- [Prompt]
Retype exactly what appears below from the line containing "tennis-traumatic" down to the line containing "Florida Bride and", keeping both end lines. Do not include pictures.

- [Data for analysis]
──────

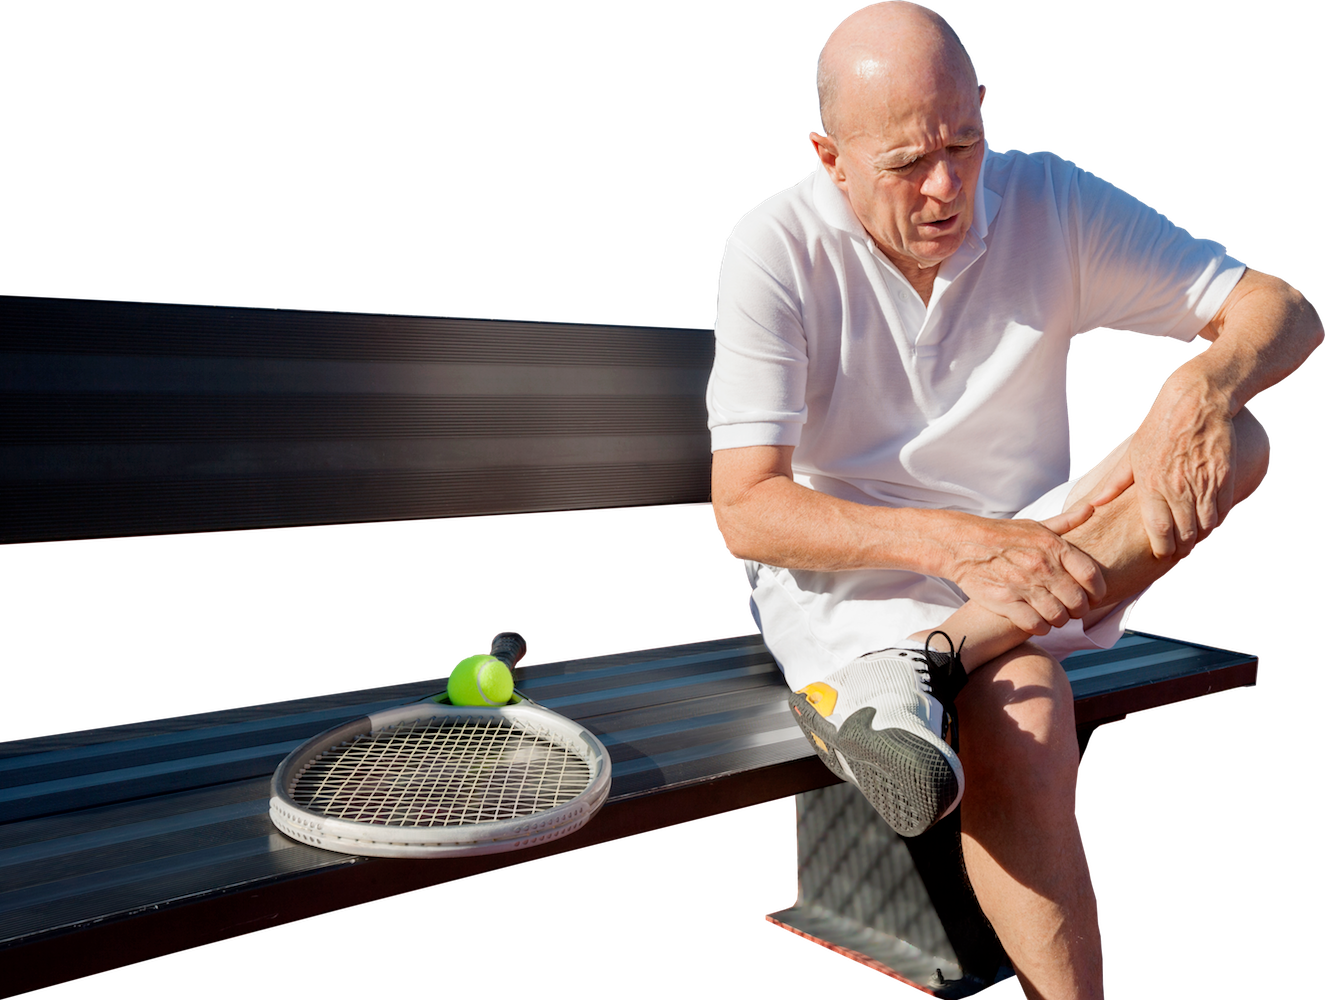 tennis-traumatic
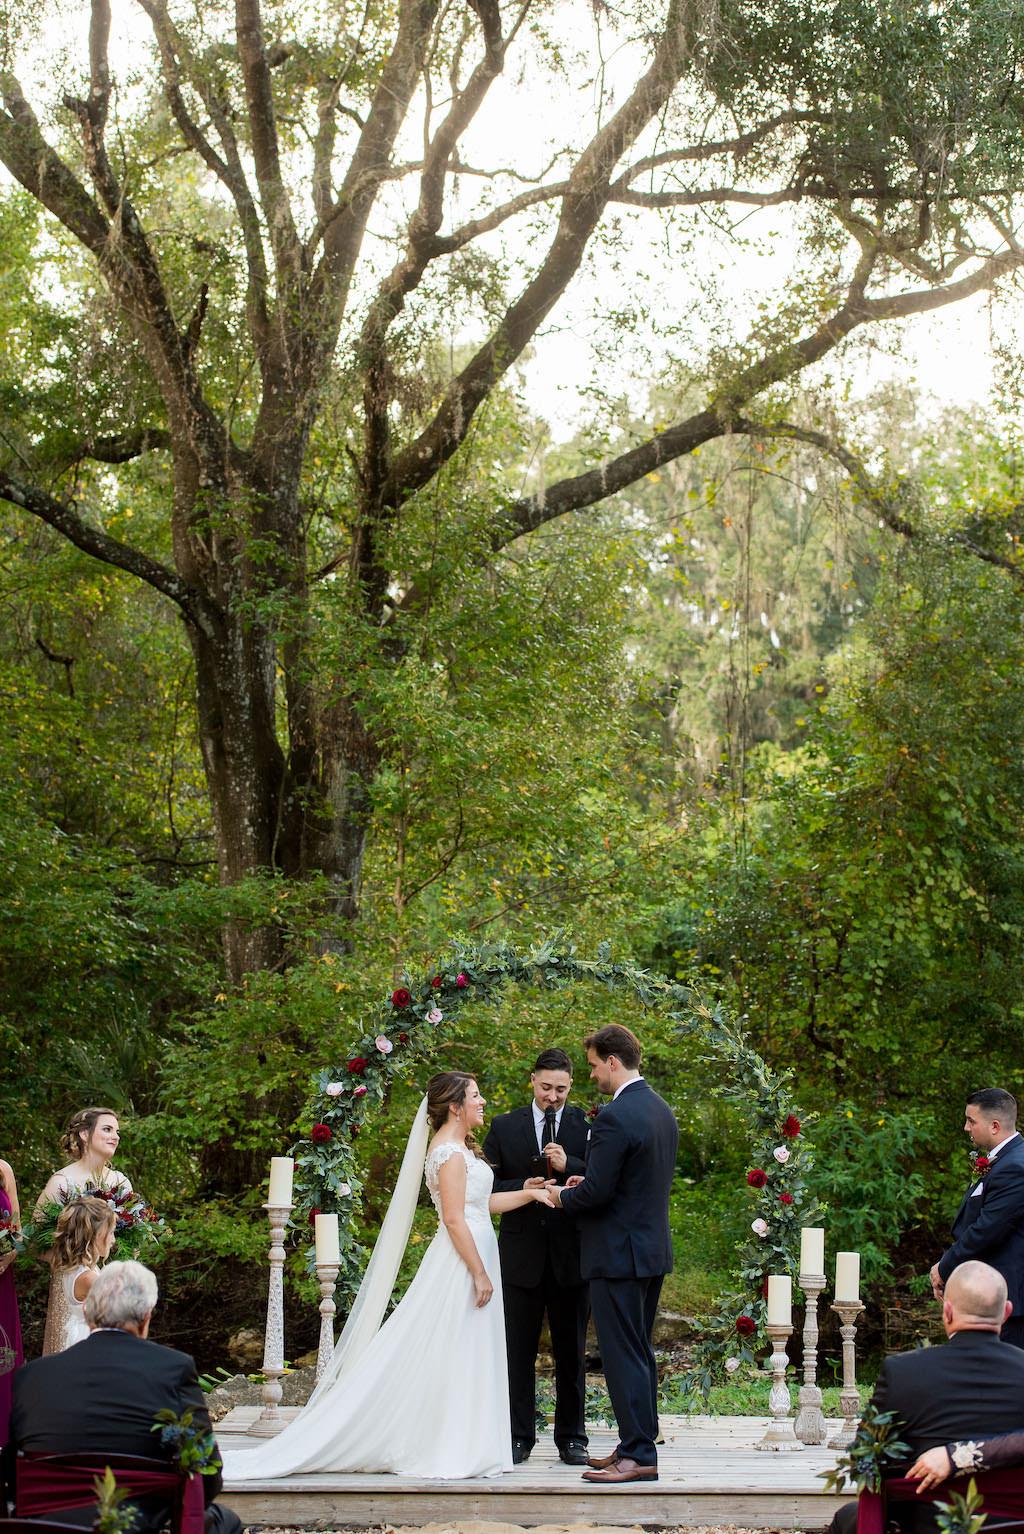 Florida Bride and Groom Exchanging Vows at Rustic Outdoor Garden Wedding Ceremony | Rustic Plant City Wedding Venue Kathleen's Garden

──────

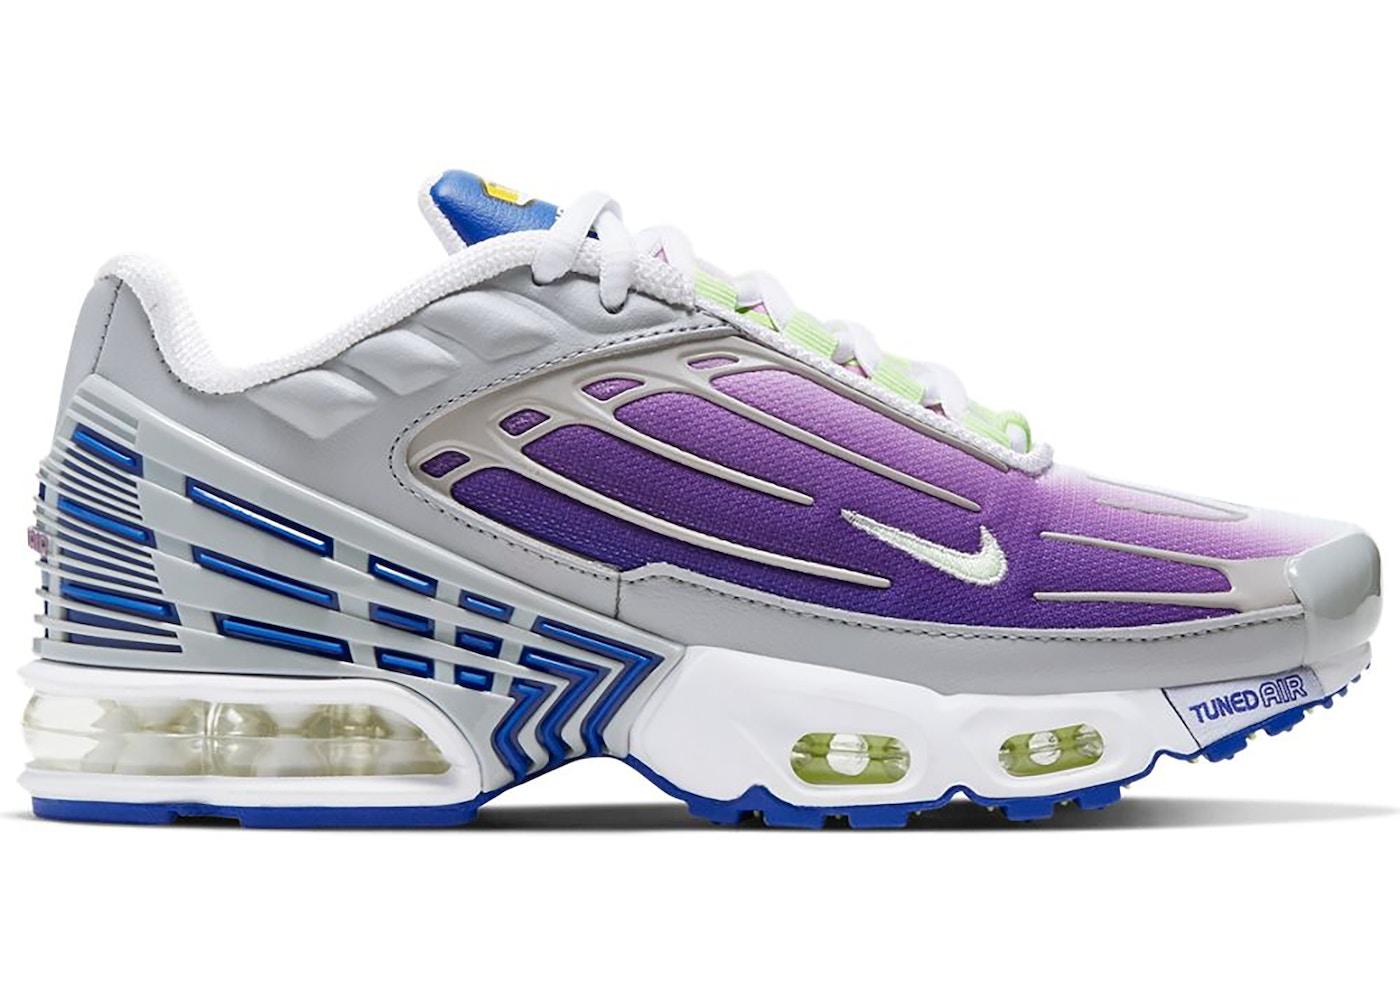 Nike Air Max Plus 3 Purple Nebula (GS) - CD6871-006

──────

- [Response]
 tennis-traumatic
 Florida Bride and Groom Exchanging Vows at Rustic Outdoor Garden Wedding Ceremony | Rustic Plant City Wedding Venue Kathleen's Garden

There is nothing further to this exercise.